Question

I have a fairly complex scenario, so I am trying to distill this down to the basic issue.

I have 3 classes (simplified here):

class Base {
protected:
    std::map <unsigned int, Node*> nodes;
}

class Node {
protected:
    std::map <unsigned int, Leaf*> leaves;
}

class Leaf {
protected:
    myDataStruct myData;
}

These classes represent a 3-level tree consisting of a base, some number of intermediary nodes in a std::map<int,ptr*>, and some number of leaves per node, also as a std::map<int,ptr*>. This tree is generated and updated dynamically in an update thread.

I have another thread that renders data from these nodes, at a much slower rate than the updates, so I prefer to keep the update action separate from the rendering. I do not render all of the data on every loop of the render thread either.

My original idea was to register that I wanted to render data from a leaf by calling a function that stores a pointer to the data in the leaf:

void MyRenderClass::registerData(int* dataPointer) {
    // store dataPointer in MyRenderClass
    myStoredDataPointer = dataPointer;
}

Then during the render thread loop, I use that data pointer to render the data.
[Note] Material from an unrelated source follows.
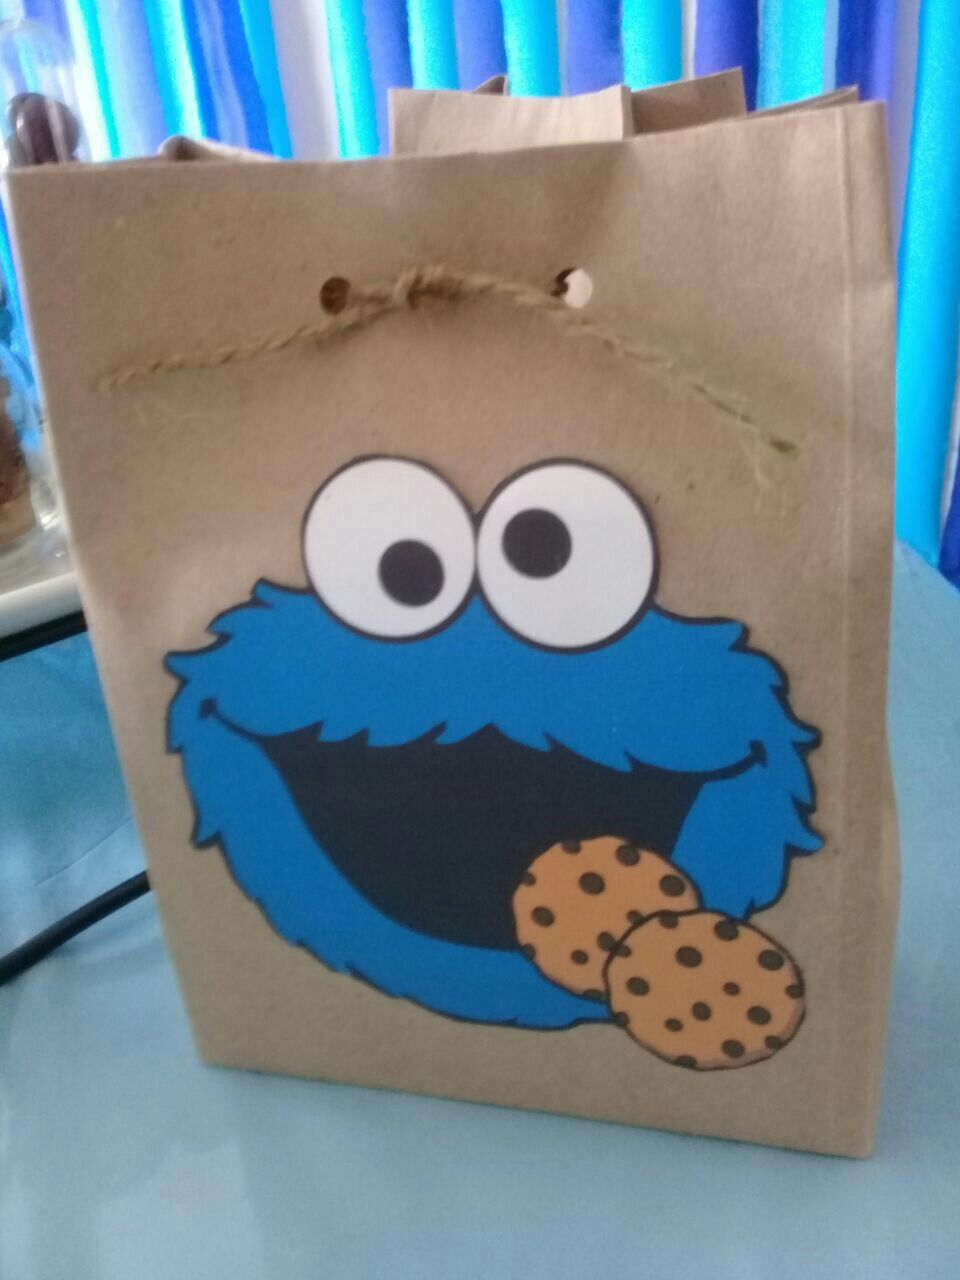 Bolsas sorpresas come galletas | Cumple Jero ! | Pinterest | Come ...

So, the question is: Is this safe? I can handle the case where the leaf or node is deleted by un-registering the data in the respective destructors. What I really want to know is, will that pointer stay the same as the tree is updated and as new nodes and leaves are added to it? Will the std::map rearrange or move pointers as it is modified?

On a related note, can I safely store pointers to the parent nodes/base in the leaves/nodes so I can traverse the tree from leaf->base?
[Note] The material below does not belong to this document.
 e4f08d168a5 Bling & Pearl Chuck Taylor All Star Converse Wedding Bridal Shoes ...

I hope this makes sense. I thought this seemed ok at first, but I want to verify before I go further down this path. The example is slightly contrived, as the entire code base is much too large to grok.

Was it helpful?

Solution

The important question here is:

Will the std::map rearrange or move pointers as it is modified?

std::map guarantees that iterators, references and pointers to its objects will remain valid as long as that object remains in the map. So you can safely store a pointer, as long as you don't remove the object it points to.

Note that not all containers give this guarantee; for example, vector will move its elements when it exceeds its capacity and has to allocate a new block of memory, in order to keep the elements in a contiguous array. (But even then, if you're storing pointers, then the objects they point to won't move).